Analyst · RBC Capital Markets

Got you. That's very helpful there. And then one follow-up. And this is just a follow-up on the question for the managed equity REITs, and you touched upon this. It sounds like some of the key factors that could drive potential improvements in the share prices in the near term for the managed equity REITs is going to depend on operational improvements in the REITs. Is this something that you view sort of like a multi-quarter kind of time frame? Just wondering if you could just talk a little bit more about a couple of like either milestones we can look forward to. Or what are you looking forward to help drive improvement in the managed equity REITs share prices in the near term?

Adam Portnoy

Analyst · RBC Capital Markets

Sure. So it's a combination of 2 things: improving operating performance as well as addressing some of the balance sheet issues at the REITs. Let's -- I can go each REIT and I'll do it very quickly. SVC, our biggest REIT, probably the furthest along in the recovery. We've reinstated the dividend. We're hopeful that we can increase that dividend going forward. I highlighted that the FFO payout ratio is very low. It's less than 40%. It's about 37% based on Q3 numbers, I believe. And there's a lot of room to grow that dividend. We -- and that's based on just seeing continued improvement in the operating performance of the hotels in that portfolio, which we are seeing and have been seeing for several quarters now. So that's sort of the furthest along. And as that continues to progress, I think that will lead to continued, hopefully, improvement in the stock price. As a management team, the most effective thing we can do to change the stock price performance is operate the companies really well. If we can operate them well and they can outperform on operating metrics, eventually, our belief is the share price will respond to that. And so that's what we're focused on.
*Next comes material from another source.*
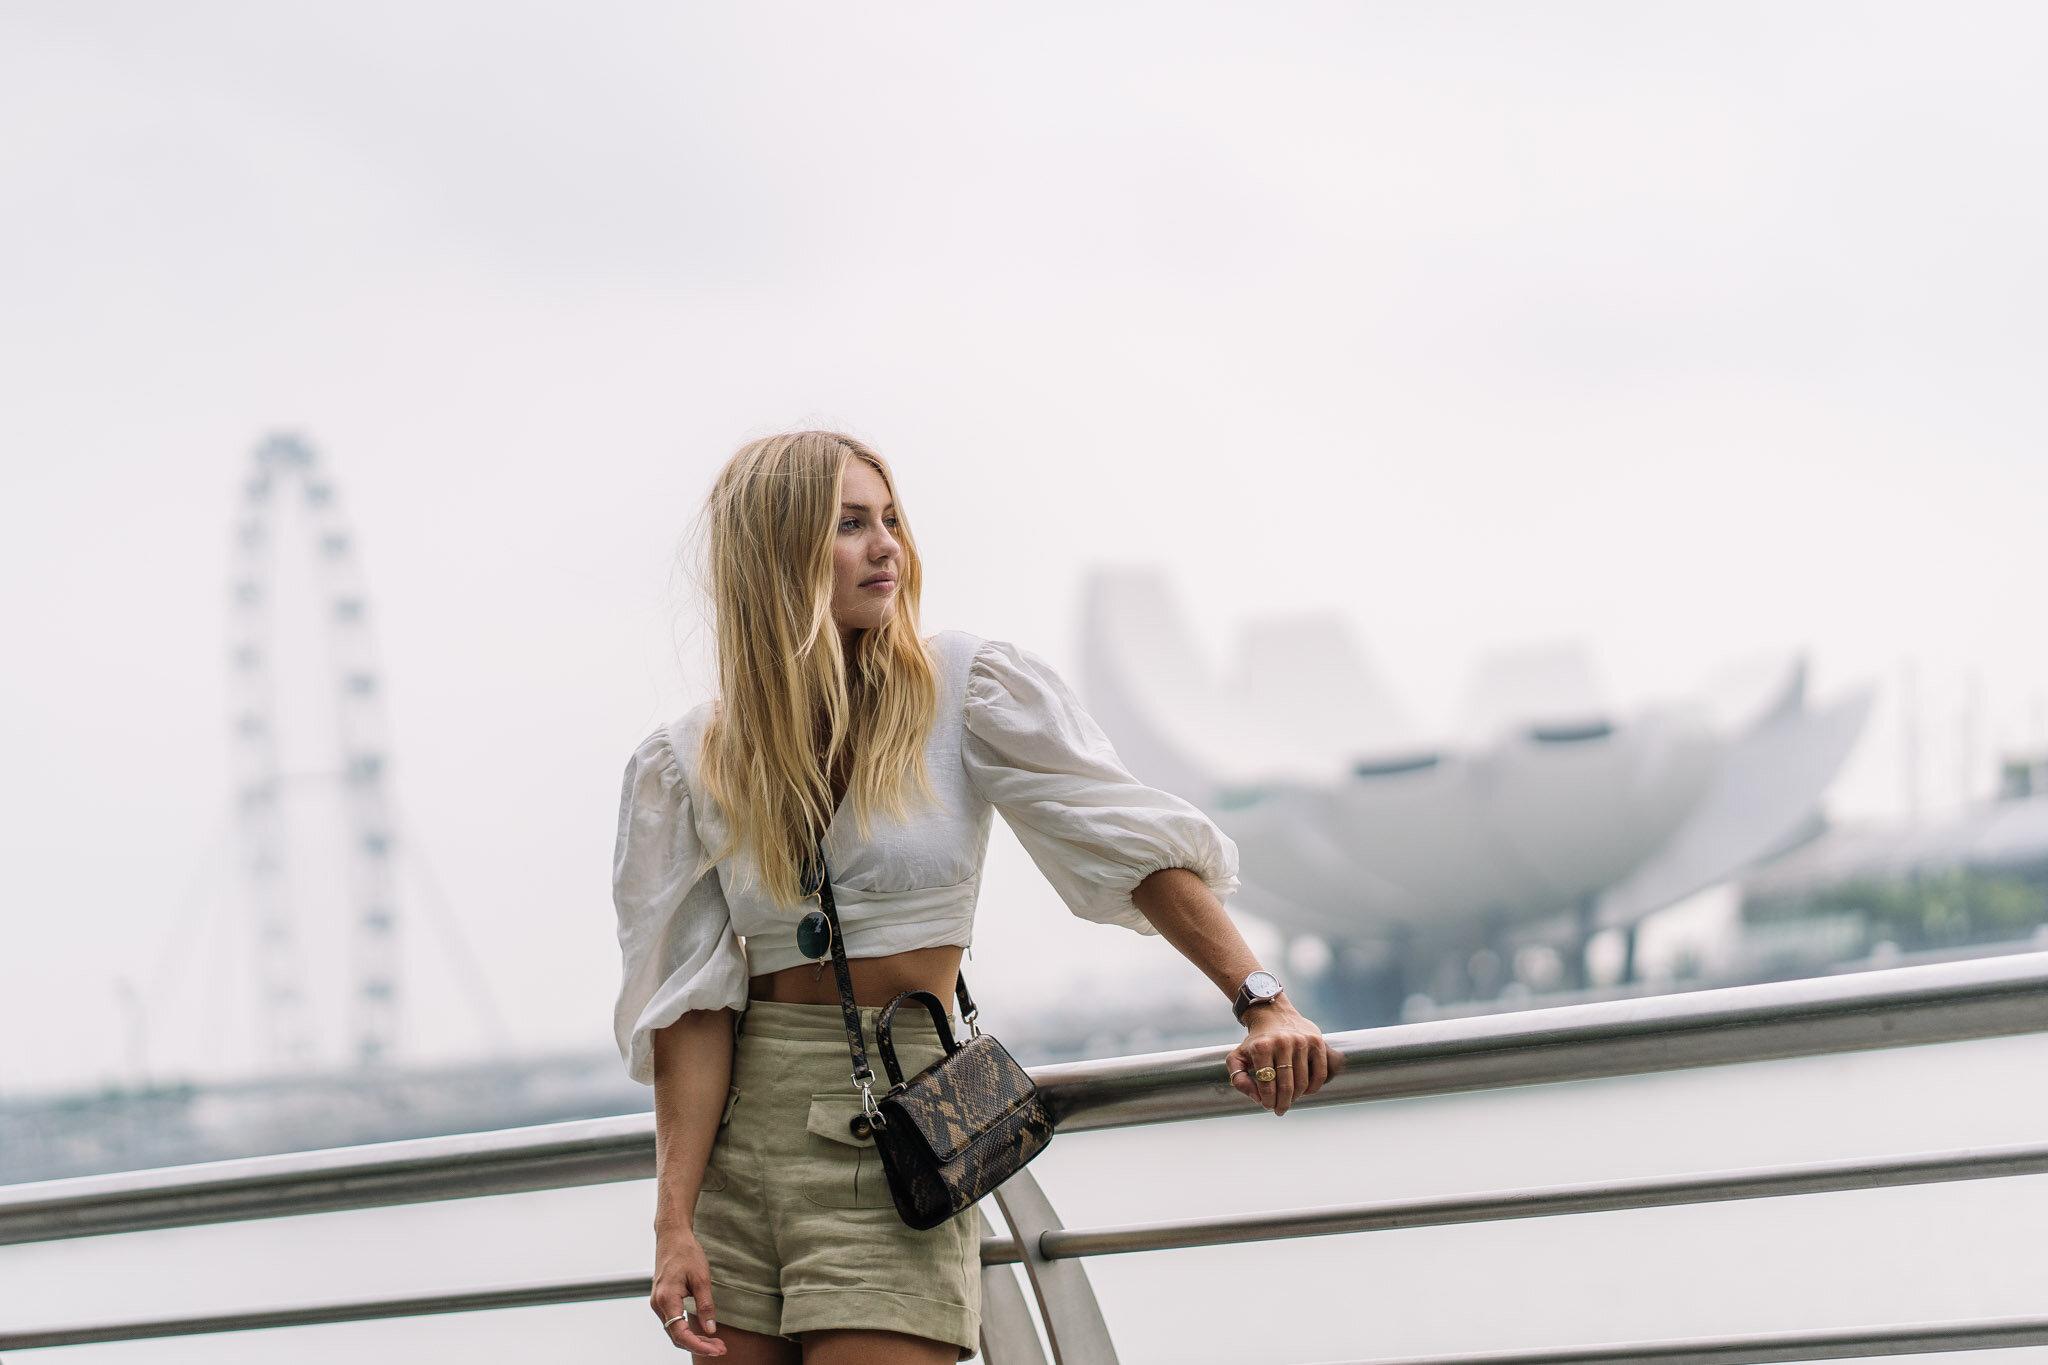 ELYSE KNOWLES TAG HEUER SINGAPORE GRAND PRIX 2019 2  6.jpg
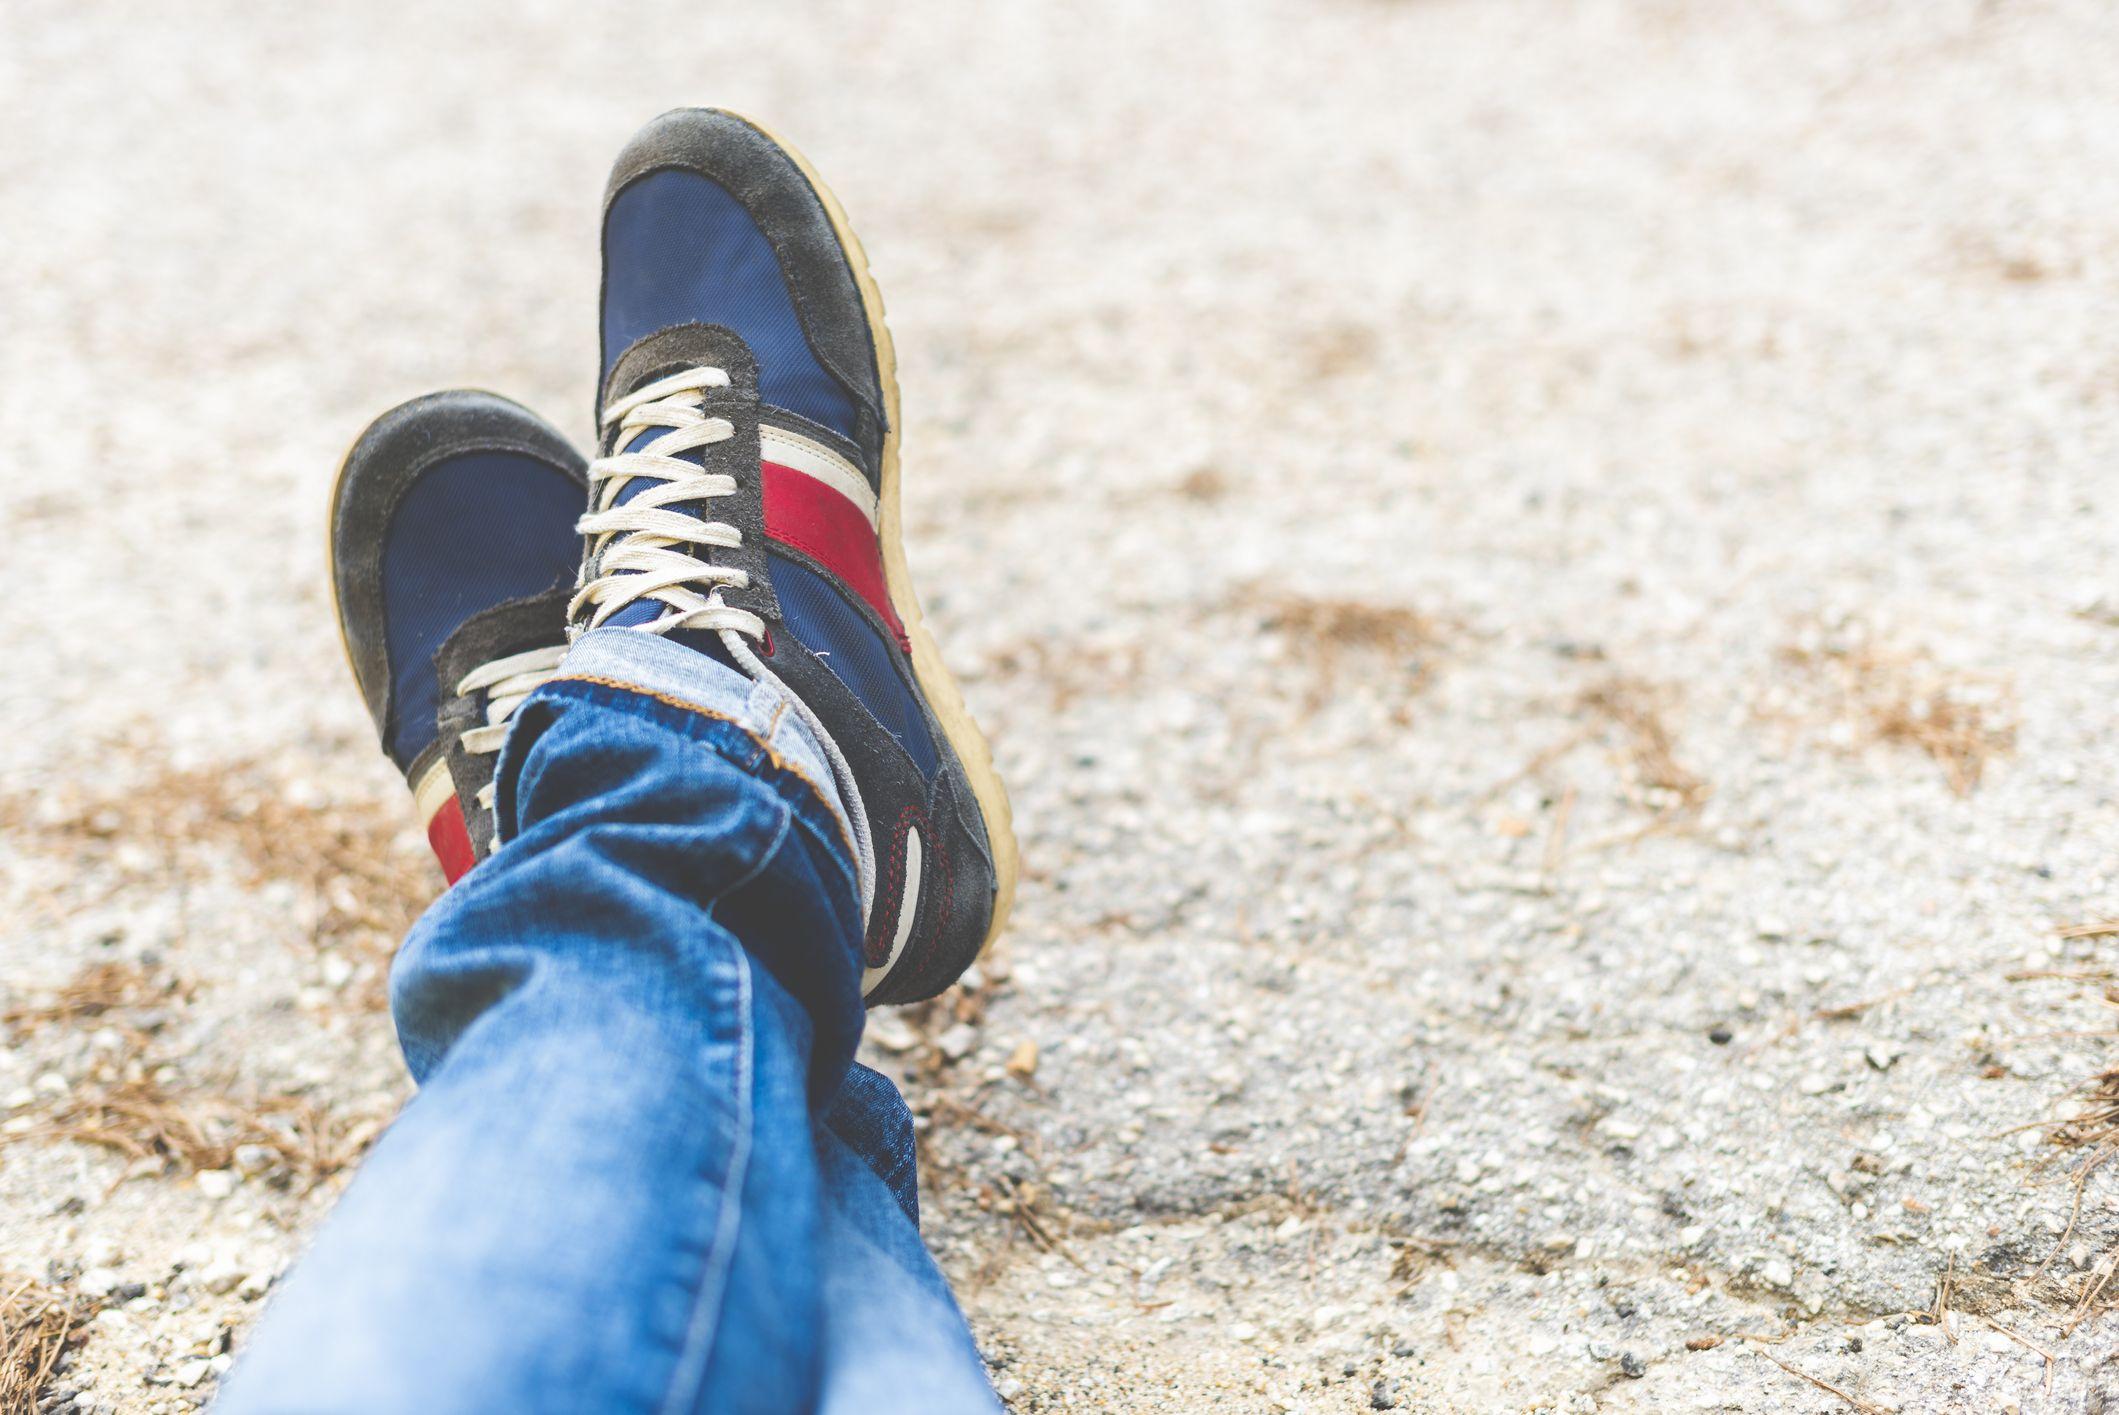 Retro Sneakers That Prove Old-School

Touching on DHC, it's an operating issue. There, it's taking longer. The DHC, we have a senior living recovery that is taking longer than expected as an industry, but we also have some unique issues to our portfolio that we are addressing in terms of the operating performance of AlerisLife and how it's been performing on its portfolio it manages for DHC. There's been a lot of management changes at AlerisLife. In the last couple of quarters, there's been a lot of focus on writing the operations in that company. And I believe…

Operator

Operator

It appears there are no further questions. This concludes our question-and-answer session. I would like to turn the conference back over to Adam Portnoy for any closing remarks.

Adam Portnoy

Analyst · B. Riley FBR

Thank you all for joining us today. Operator, that concludes our call.

Operator

Operator

The conference has now concluded. Thank you for attending today's presentation. You may now disconnect.